The concept of permaculture design is normally applied to the manifest application of bio-mechanical systems to enhance and preserve ecology in a sustainable fashion. That these designs approach maximum efficiency through strict adherence to mechanical lore reveals the vernacular within land usage as well as residential architecture. The result can often reveal the abstract integrity that is attached to the practical, which writer Jonathan Meads calls ‘art born of artlessness’. However, the vernacular is the unconscious work of craftsmen based on knowledge accumulated over years, whereas, design in the conscious pre-meditated application of a concept that appeals to the intellect.
But it is the spirit of the vernacular that appeals to us here at Los Gazquez. It is the pared down ‘first call’ of logic that excites us. Where there is only one way to make a construction with a pack of cards we intend to maximize the tolerances, the symmetry and the balance. The aim is not to achieve height through elevation but through art.
Our swale is not just a construct, it is a design to enhance contemplation. It’s dry stone fabrication is not elevated to restrict passage but hollowed to keep possession of that rare event in this alpine desert, rain. Boulder upon boulder is laid to retain the earth on either side. It’s alignment is not magnetic or celestial but at the bidding of gravity and it’s influence upon the elements in shaping the contours of the earth. It’s appearance is rectilinear as any other form within it’s relatively short 16 meters would be artifice, the contour being too large to induce a curve.
Our swale is an interruption within our landscape, it is an orchestration of indigenous form which at once enhances the ecology and arrests our attention, like a ravine without a bridge forces one to work out a strategy to reach the other side. Our swale is an interruption that opens the relationship between the viewer and the space.
Our swale draws us near to an historical narrative, to land use, climate and transition, to strategies born upon perceptions of inquiry.
If you have never heard of Permaculture it is basically a design system for human settlements and perennial agricultural systems that mimic the relationships found in the natural ecology. It was conceived in Australia in the 1970’s by David Holmgren and Bill Mollison.
Their idea was to rapidly train individuals in a core set of design principles and then those individuals could go off and design their own self sufficient communities which wouldn’t rely on industrial systems which were exhausting the earths resources.
For our purposes we intend to use Permaculture water harvesting techniques to revive a dried up well. And the aim is to do this without resorting to ‘bore holes’ to find a more abundant water supply, but to create a water supply by the subtle exploitation of gradient and organic mulches.
The red dot in the centre of the drawing is the old dry pozo or well. It is a covered structure with a door and is about four meters deep. Below the well is the balsa or small reservoir to which one once would have deposited the water taken from the well. The acequia is the canal system introduced by the Moors to Spain and is used to transport the water from the balsa to the terraces below (or growing zones).
To start we are going to restore the fabric of the pozo and clear the old balsa of vegetation and undergrowth. Crucially this organic material is not going to be lost but kept for using as mulch.
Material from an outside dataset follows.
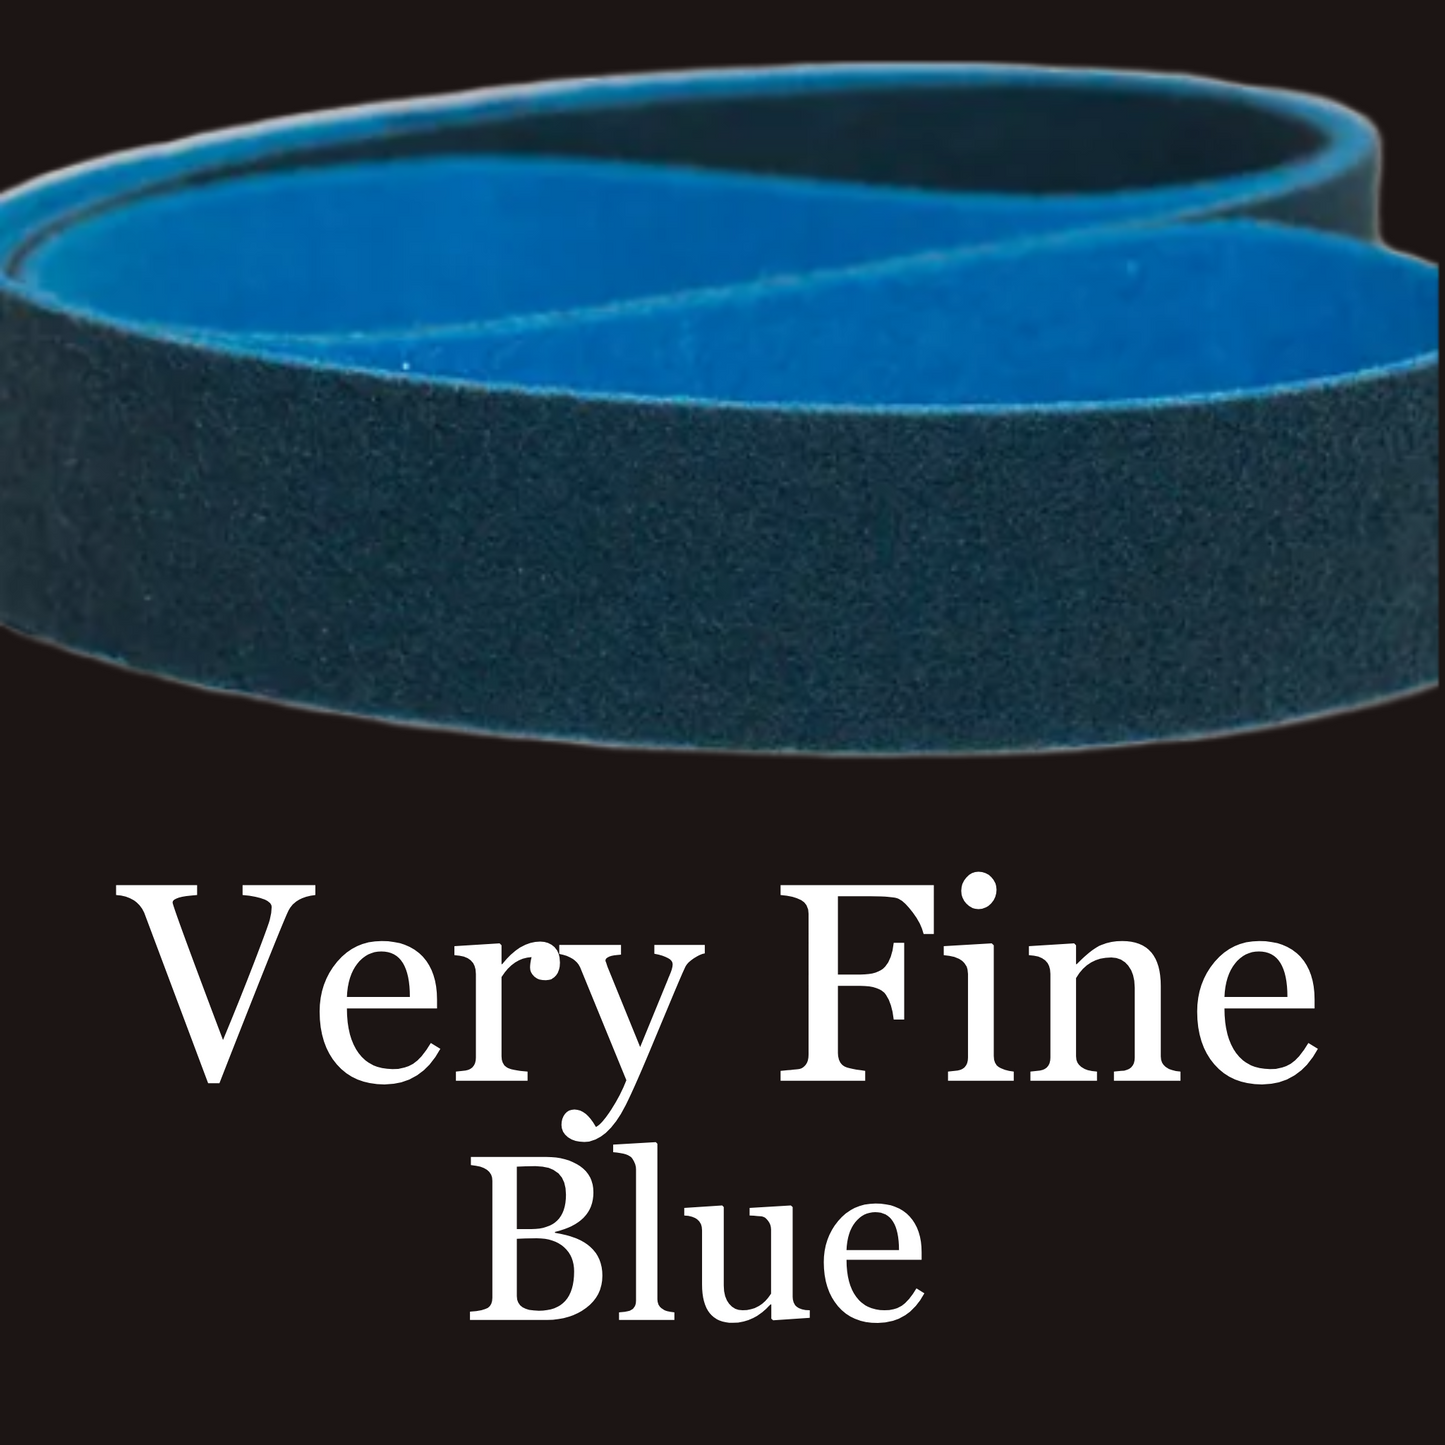 1" x 30" Scotch-Brite Belt Very Fine Grit Blue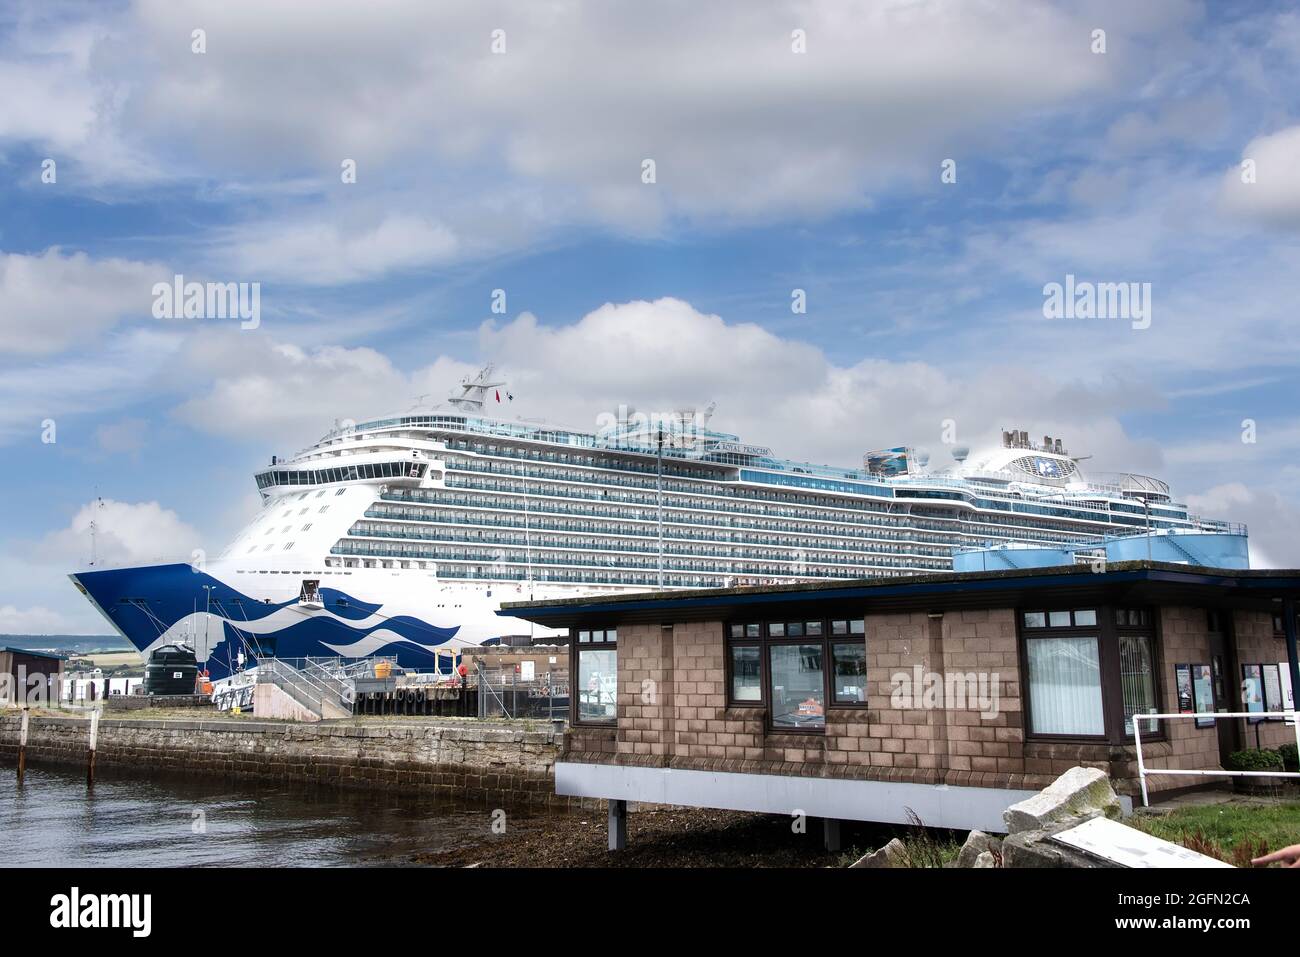 Cromarty Firth Port Authority, Invergordon, Regno Unito - 13 agosto 2018: Princess Cruise Lines, la Principessa reale, ancorata a Invergordon Foto Stock

Next, above the pozo we are going to dig a series of swales, indicated in purple. A swale is an English word to describe a low or hollow place or marshy depression between ridges. The swales will vary depending on the topology of the area and will vary in width and length but the depth will be in the region of 800 to a 1000 mm. The interior walls will be supported by dry stone walls. To the lower side of the swale a large mound of organic material, collected when clearing the land for the project, will be placed.
The idea is that when scarce rainfall does occur the swale fills with water. Being on a gradient the captured water water will sink into the earth. However and crucially, the mulch on the downside of the gradient will act as a sponge, gently supporting the water table being created beneath it nearer the surface. The principle is that the two fold action of the mulch is to support a water table beneath the surface by osmosis and to severely reduce evaporation from the surface.
In time a water table should establish itself and ultimately feed the old well again. And in turn we can fill the balsa and use the acequia to irrigate the terraces below and start growing organic crops for the house.
It sounds so easy I know, but this is an experiment and I shall make this an on going column on my blog with it’s own page.